Launch of Crime book at the British Library 16th July

This book is a classic
Lord Taverne, ex-Home Office minister

This book is simply brilliant. It is a classic, a book in the same mould as The Selfish Gene. Scrupulously researched with a passion that evidence should trump political correctness, whatever the cost. It is simply the most important book on crime I have ever seen. It should be on every home secretary’s desk.

It should be in every airport bookshop
Prof Richard Wortley, UCL

This is a book I wish I had written, except it is much better than anything I could have produced. This is an academic book. It just doesn’t read like one. And that is where its brilliance lies. ‘Crime’ is written in the best traditions of the popular science genre. It should be in every airport bookshop.
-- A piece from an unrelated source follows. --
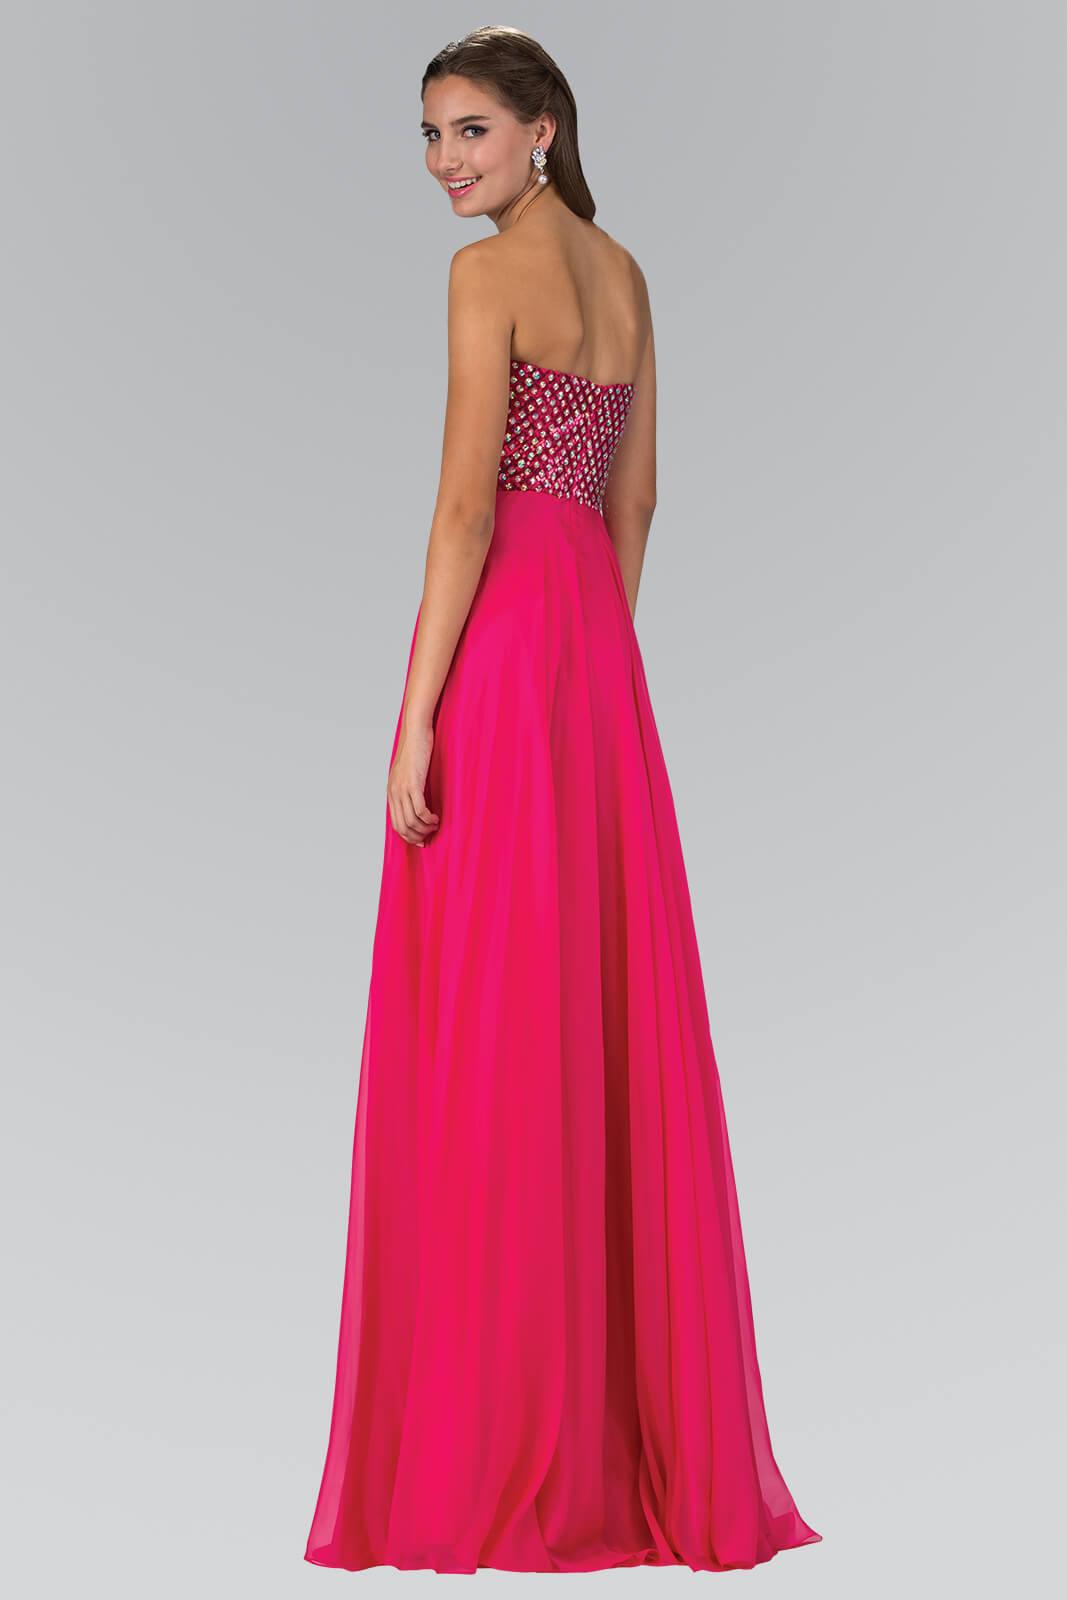 Prom Long Strapless Chiffon Sweetheart Formal Gown - The Dress Outlet Elizabeth K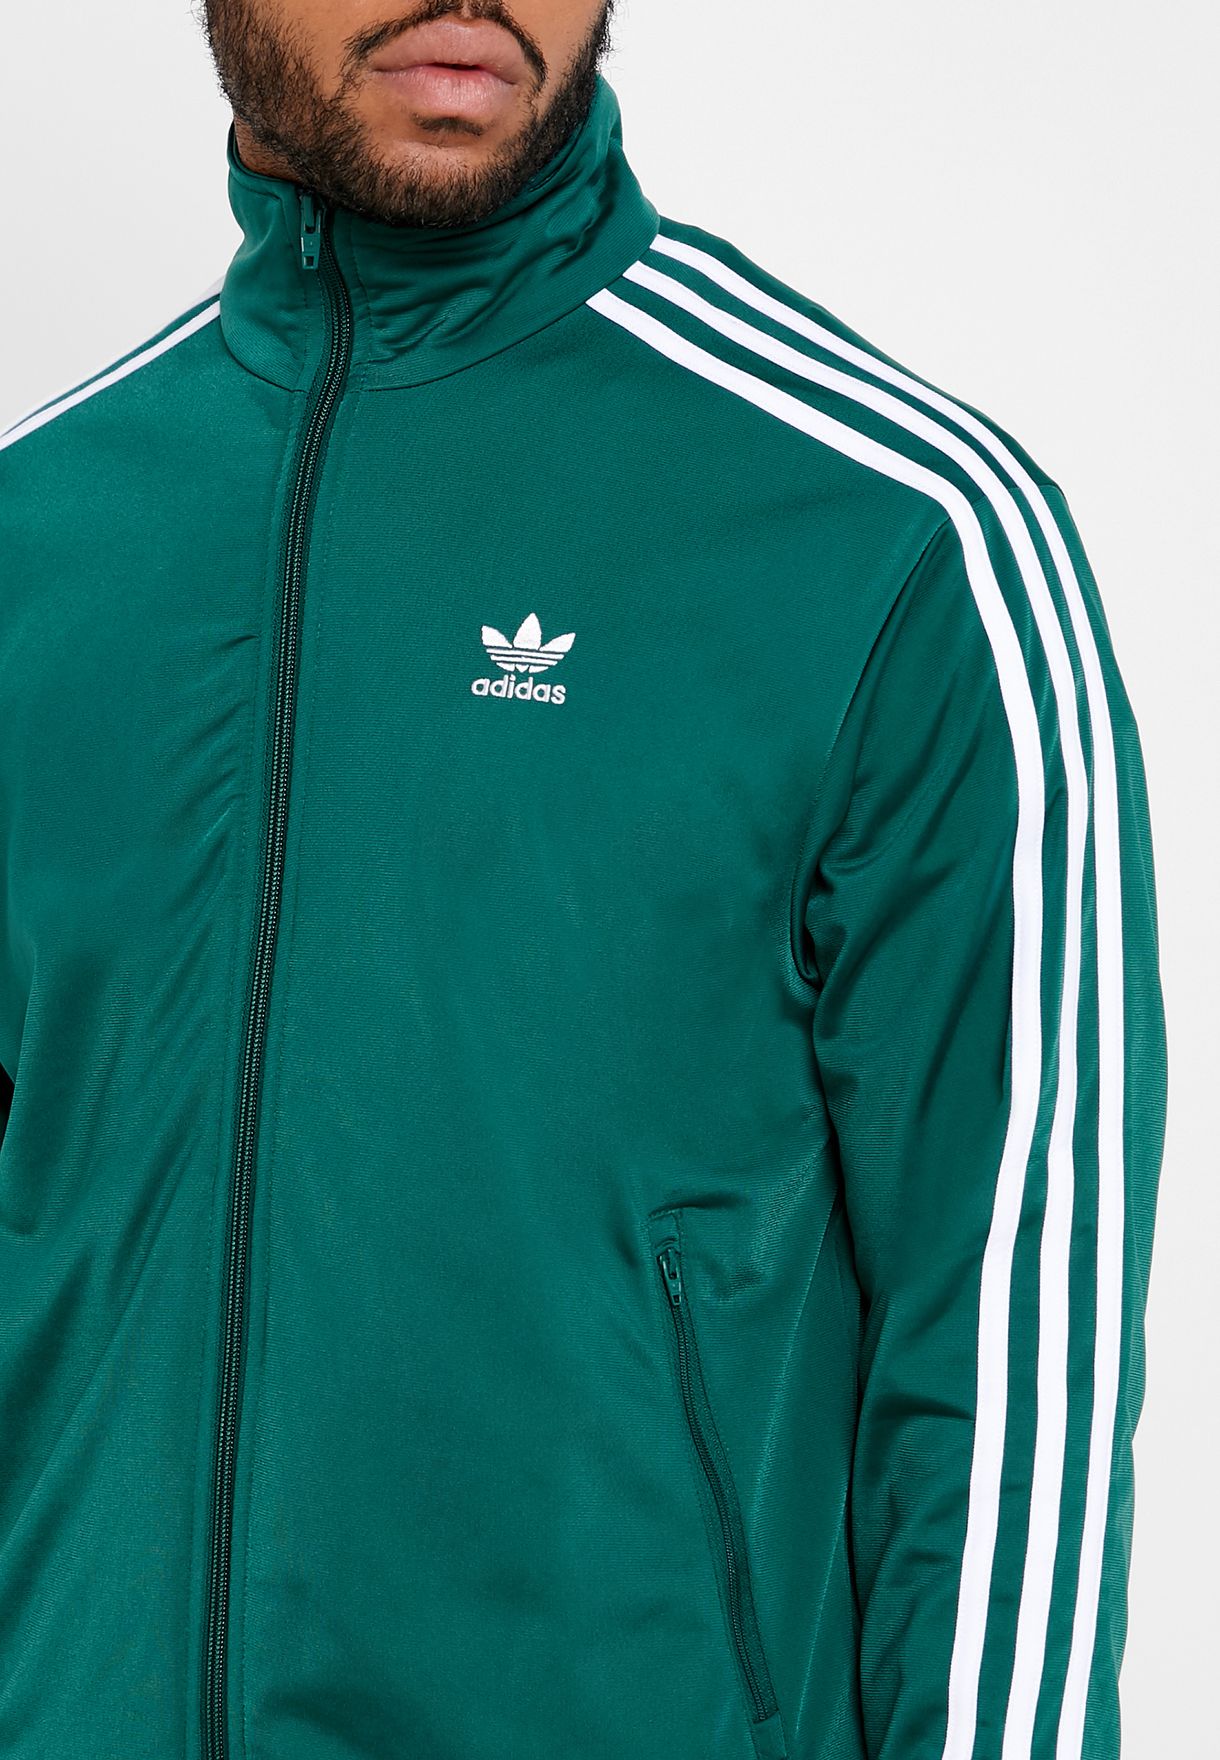 Buy > green adidas track jacket mens > in stock

It attacks some of the sacred cows of both the left and the right. As you will all be too well aware, Nick Ross has paid the price for this in the media. It seems pretty clear to me that much of the reporting comprised willful and scurrilous misinterpretation of what he actually said. And I am afraid to say there were too many commentators from the chattering classes willing to jump on the bandwagon without ever going to the bother of actually reading the book. Their herd-like behaviour was shameful. They betrayed the fundamental principle of informed and reasoned debate.

Puts many full-time academics to shame
Prof Ken Pease, Loughborough, UCL

Ross is a seriously classy and talented bloke. And brave. He brings the naiveté of a little boy who noticed that the Emperor was naked. He thinks people should be able to have grown-up debates about anything. I winced at sensible but controversial passages as he explores arguments that you aren’t supposed to. What happened to him during serialisation was the sad consequence of that. It was a twitchhunt.

So what does the book provide? I can tell you that:

  • It was researched with a thoroughness that puts many full-time academics to shame.
  • It makes challenging things highly accessible, with a journalist’s skill and a scholar’s rigour.
  • It is a perspective on crime that makes sense.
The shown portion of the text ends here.